Configuring Model Profiles#

Note: NIM automatically detects and selects the optimal profile for your hardware. Only configure a specific profile if you experience issues with the default deployment, such as performance problems or out-of-memory errors.

Docker Compose Deployment#

To set a specific model profile in Docker Compose, add the NIM_MODEL_PROFILE environment variable to the nim-llm service in deploy/compose/nims.yaml:

  nim-llm:
    container_name: nim-llm-ms
    image: nvcr.io/nim/nvidia/llama-3.3-nemotron-super-49b-v1.5:1.14.0
    # ... other configuration ...
    environment:
      NGC_API_KEY: ${NGC_API_KEY}
      NIM_MODEL_PROFILE: ${NIM_MODEL_PROFILE-""}  # Add this line

Then set the profile in your environment or .env file before deploying:

export NIM_MODEL_PROFILE="tensorrt_llm-h100-fp8-tp1-pp1-throughput-2330:10de-a5381c1be0b8ee66ad41e7dc7b4e6d2cffaa7a4e37ca05f57898817560b0bd2b-1"
docker compose -f deploy/compose/nims.yaml up -d

Helm Deployment#

For Helm deployments with NIM operator, configure the model profile declaratively through the model section in values.yaml:

nimOperator:
  nim-llm:
    enabled: true
    replicas: 1
    service:
      name: "nim-llm"
    image:
      repository: nvcr.io/nim/nvidia/llama-3.3-nemotron-super-49b-v1.5
      pullPolicy: IfNotPresent
      tag: "1.14.0"
    resources:
      limits:
        nvidia.com/gpu: 1
      requests:
        nvidia.com/gpu: 1
    model:
      engine: tensorrt_llm
      precision: "fp8"
      qosProfile: "throughput"
      tensorParallelism: "1"
      gpus:
        - product: "rtx6000_blackwell_sv"  # Change based on your GPU
    storage:
      pvc:
        create: true
        size: "120Gi"
        volumeAccessMode: ReadWriteOnce
        storageClass: ""
      sharedMemorySizeLimit: "16Gi"
    env:
      - name: NIM_HTTP_API_PORT
        value: "8000"
      - name: NIM_TRITON_LOG_VERBOSE
        value: "1"
      - name: NIM_SERVED_MODEL_NAME
        value: "nvidia/llama-3.3-nemotron-super-49b-v1.5"

Key profile parameters:

  • engine: tensorrt_llm (recommended) or vllm

  • precision: fp8 (faster) or bf16 (better accuracy)

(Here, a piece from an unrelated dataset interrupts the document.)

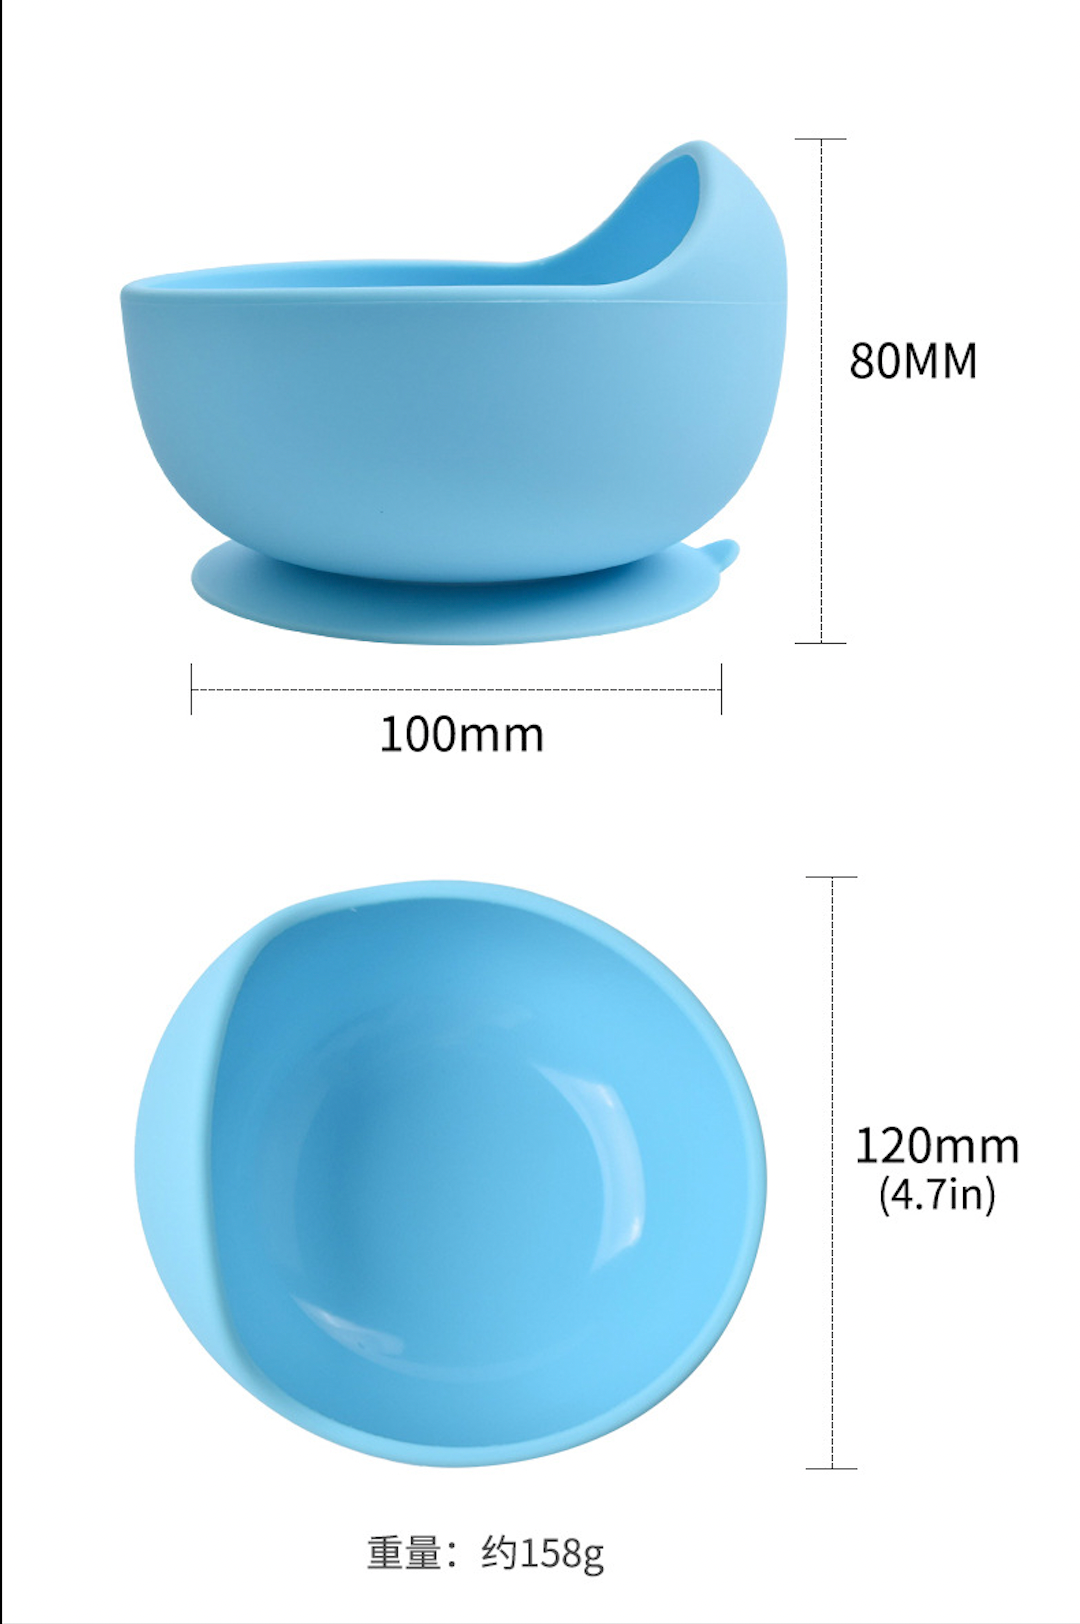 Silicone baby feeding tableware newest design, baby eating training, complementary food bowls, spoons, silicone suction cups, baby bowls

  • qosProfile: throughput (batch processing) or latency (interactive)

  • tensorParallelism: Number of GPUs (e.g., "1", "2")

  • gpus.product: GPU type (e.g., h100, h100_nvl, a100, rtx6000_blackwell_sv)

Note

The NIM operator automatically selects the optimal profile based on these parameters.

After modifying the values.yaml file, apply the changes as described in Change a Deployment.

For detailed HELM deployment instructions, see Helm Deployment Guide.